THE COURT: Where is it? I am looking at your counter-petition. I don't see any request of alimony.
MR. BERKOWITZ: Well, Your Honor, if the situation arises, I would make an ore tenus motion at the close of the evidence and amend my pleadings to conform with the evidence. However, at this point, I would just allege the special equity in the house.
MR. BOSWORTH: I would note a continuing objection at this point, then, to any evidence that is going to be coming in to show the need or ability to pay alimony. Obviously, we are going to have to investigate these issues, as far as child support is concerned; but when we are talking about alimony, I am not prepared to defend alimony. I would have taken depositions if I would have known alimony is being requested.
THE COURT: I will sustain the objection.

At the close of the evidence appellee's counsel made no motion to amend the pleadings to conform to the evidence. Notwithstanding the foregoing, the trial court awarded the wife $100 per month as permanent alimony.

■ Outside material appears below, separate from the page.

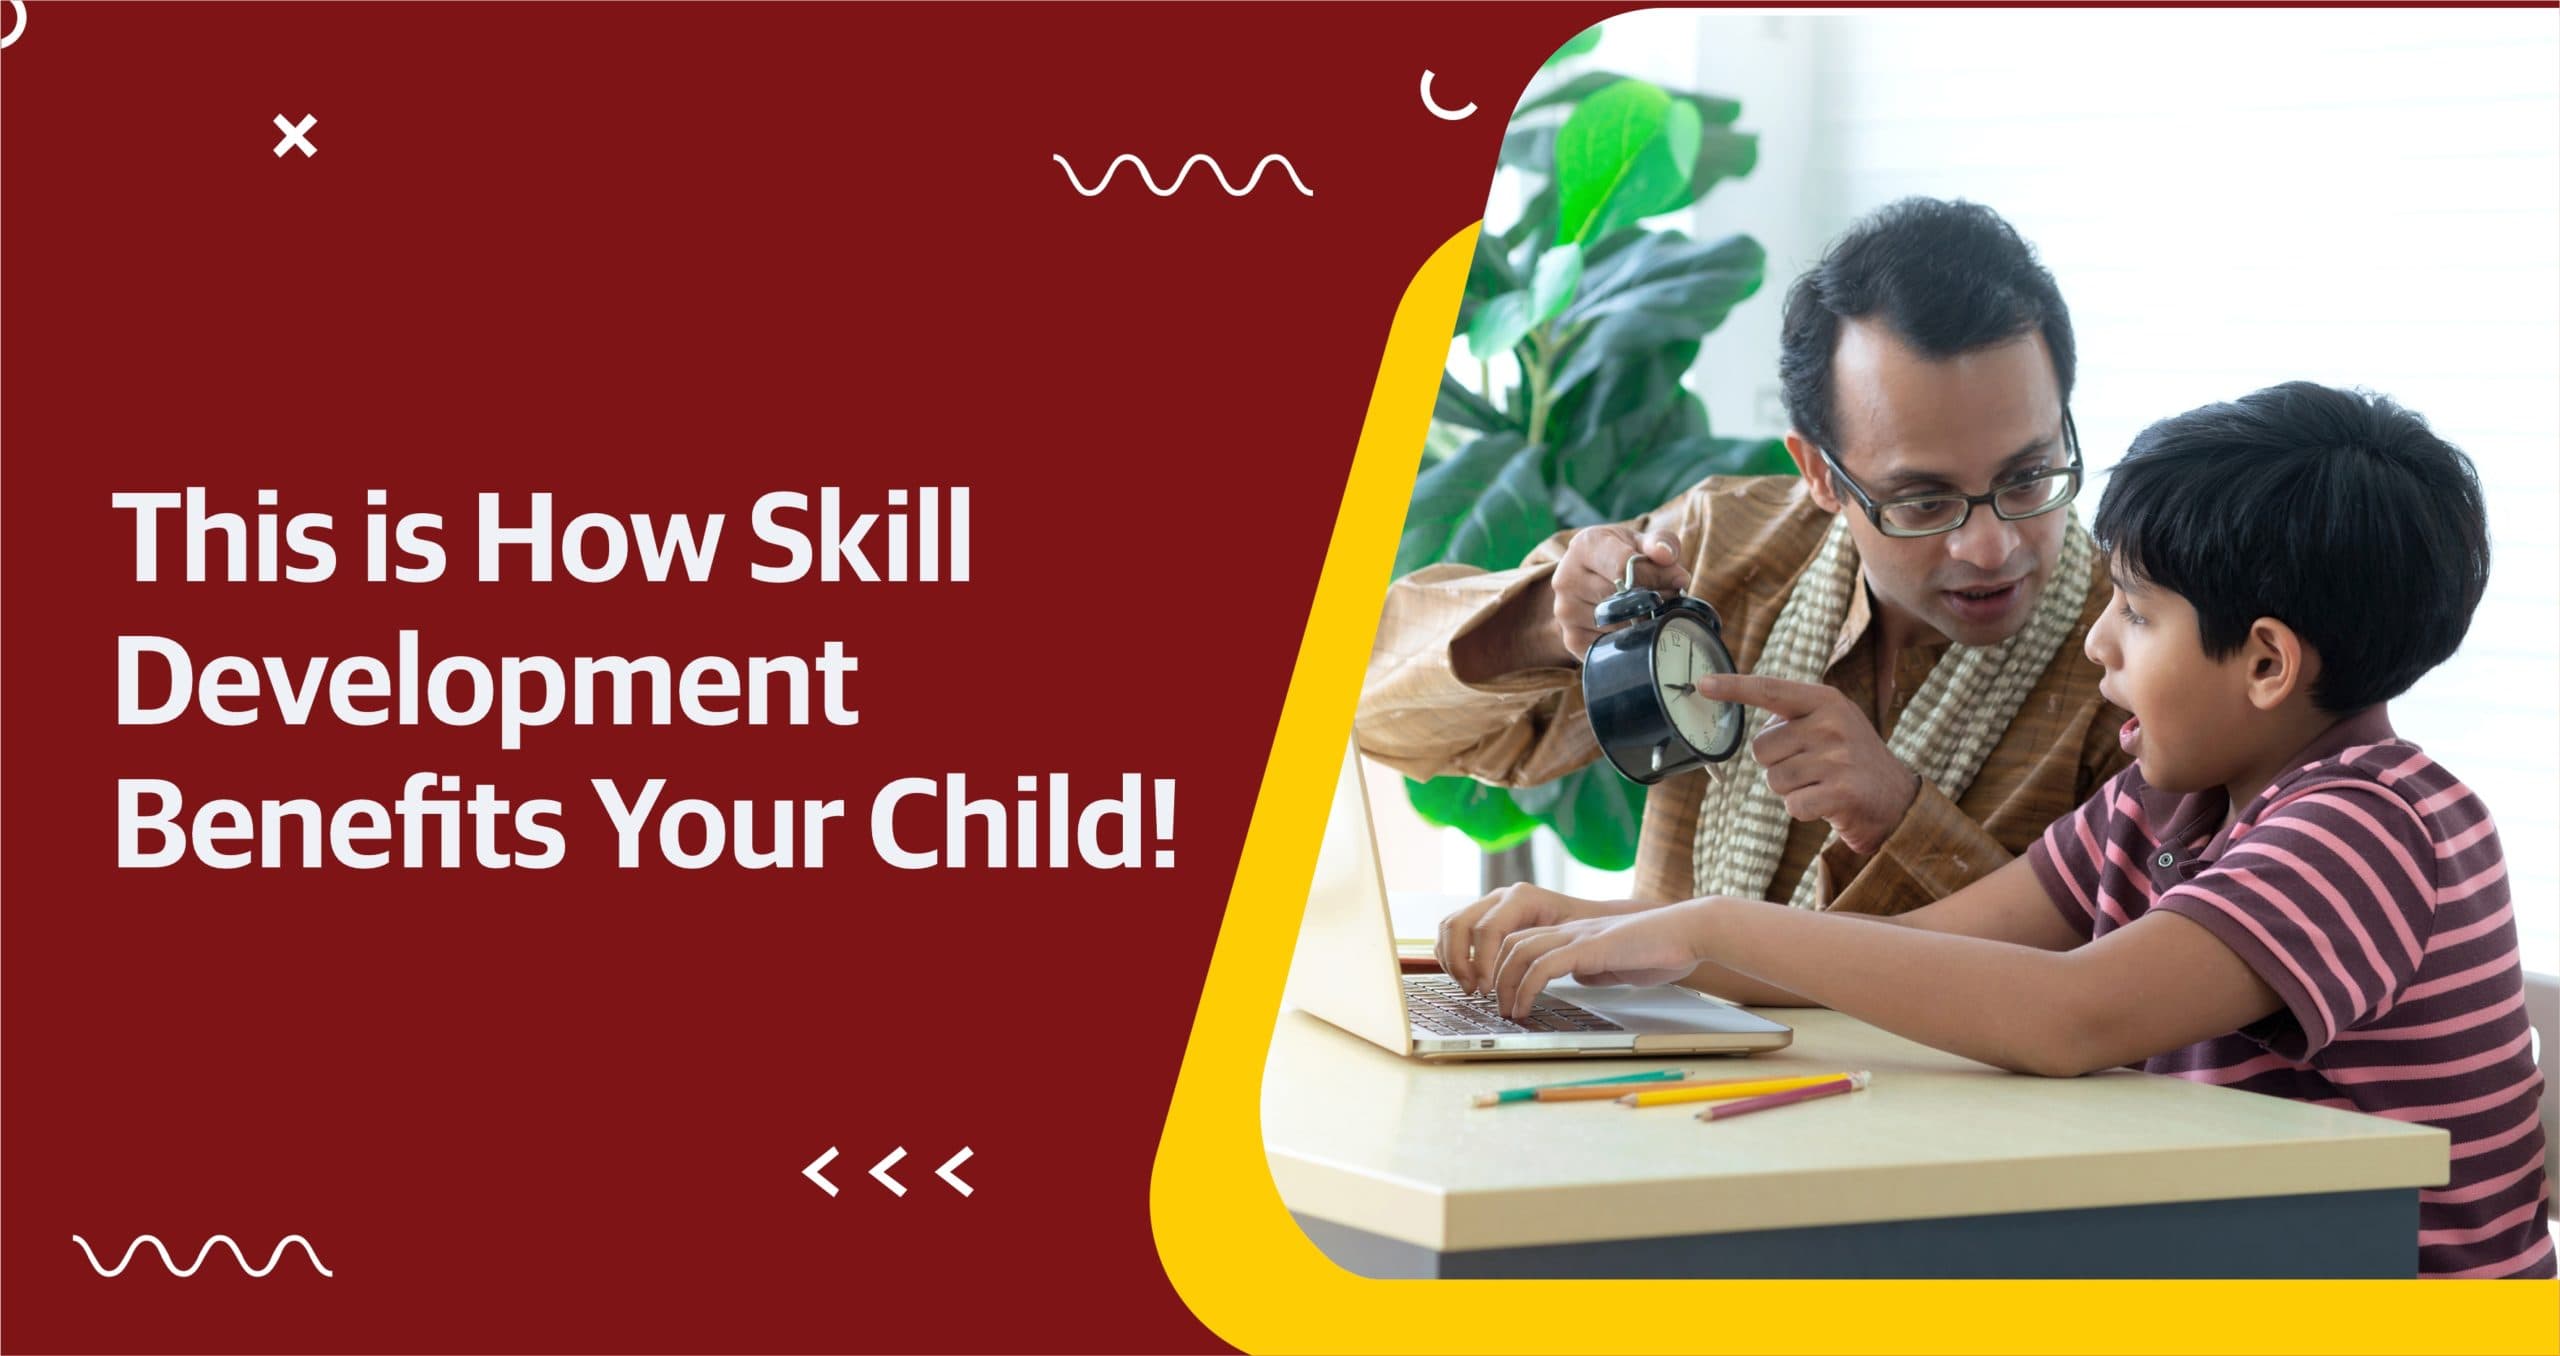 This is How Skill Development Benefits Your Child!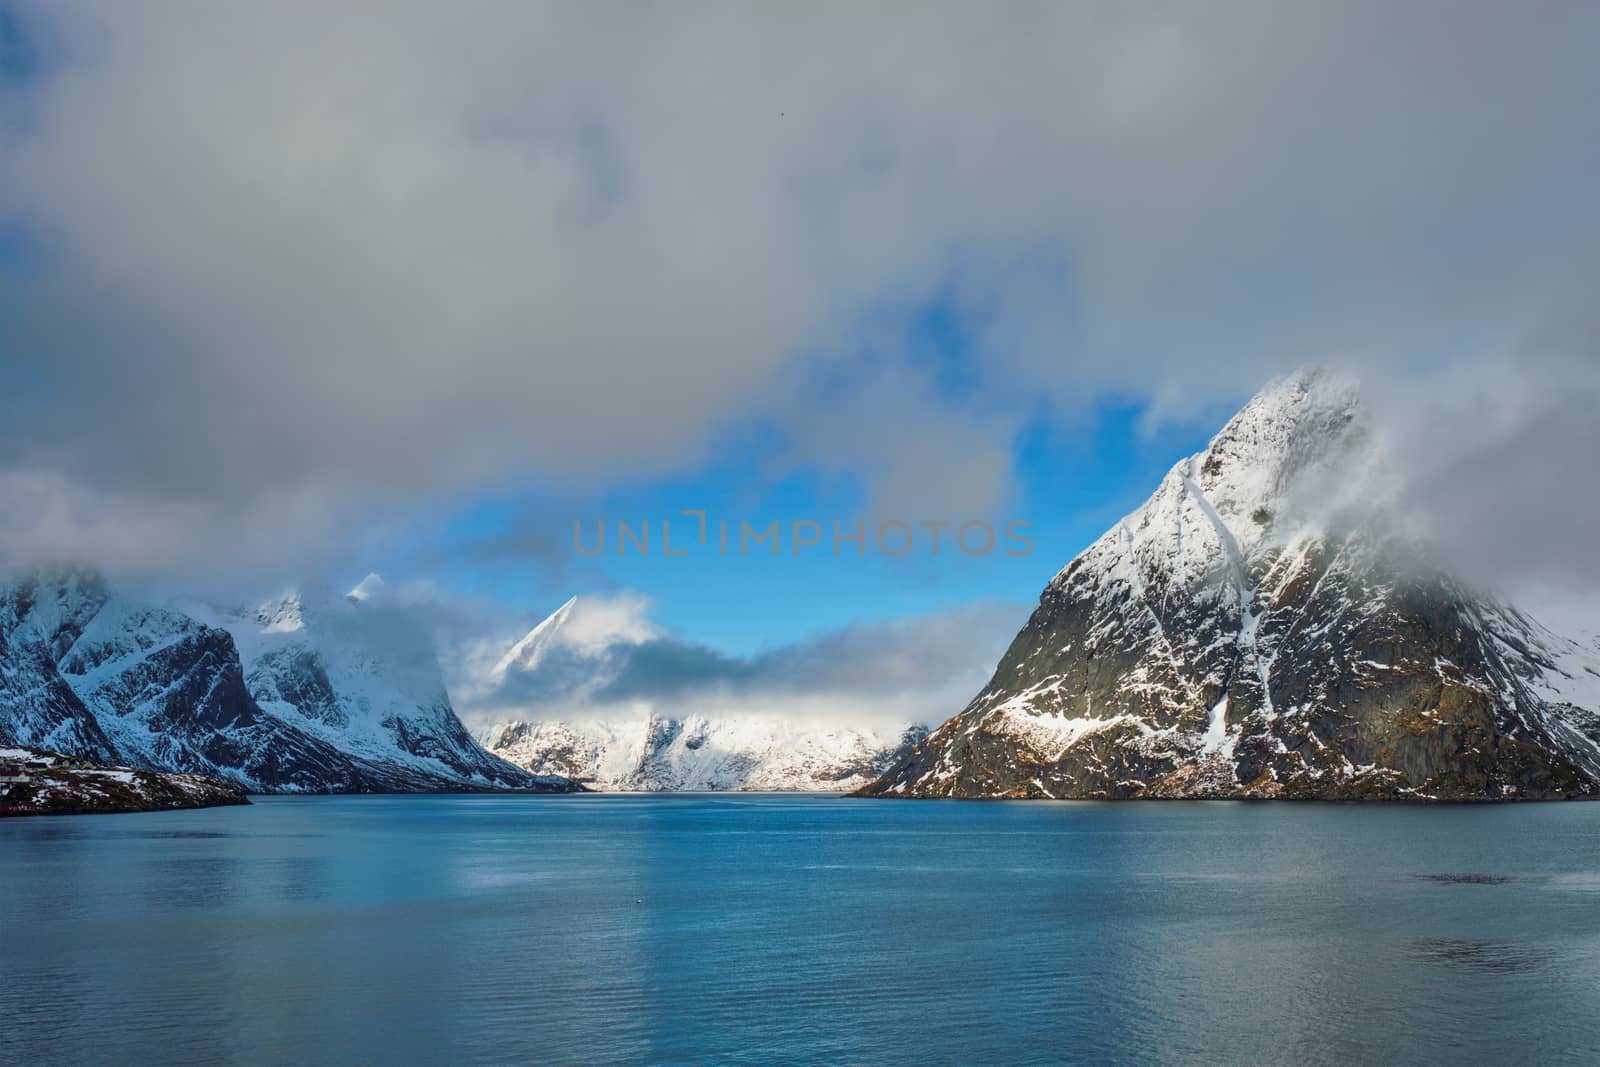 Norwegian fjord and mountains with snow in winter. Lofoten islands, Norway

To be sure, a judgment based upon a matter entirely outside the issues made by the pleadings cannot stand. Cortina v. Cortina, 98 So.2d 334 (Fla. 1957); Chandler v. Chandler, 330 So.2d 778 (Fla. 1st DCA 1976). This general rule was applied in James v. James, 374 So.2d 1085 (Fla. 5th DCA 1979), which is directly on point. There, the Fifth District Court of Appeal vacated that part of a final judgment of dissolution of marriage which awarded the wife permanent alimony where her petition for dissolution did not raise the issue of alimony. Accordingly, we vacate that portion of the final judgment which awarded appellee permanent alimony.

Appellant's second point is that there is no predicate in the record for the trial court's award of a reasonable attorney's fee in the sum of $250 to appellee's counsel. We agree.

The only testimony presented was that of appellee when examined by her counsel:

Q. Mrs. Cooper, you have agreed to pay me a reasonable attorney's fee, is that correct?
A. Right.
Q. Have you paid anything?
A. No.
Q. Can you pay me anything?
A. Not today, I can't.

An award of an attorney's fee requires a predicate of substantial competent evidence in the form of testimony by the attorney performing services and by an expert as to the value of those services, Cohen v. Cohen, 400 So.2d 463 (Fla. 4th DCA 1981). In the absence of such evidence, we vacate that part of the final judgment which awarded an attorney's fee to be paid by appellant.

The remainder of the final judgment is affirmed.

AFFIRMED IN PART; REVERSED IN PART.

DOWNEY and GLICKSTEIN, JJ., and PEARSON, DANIEL S., Associate Judge, concur.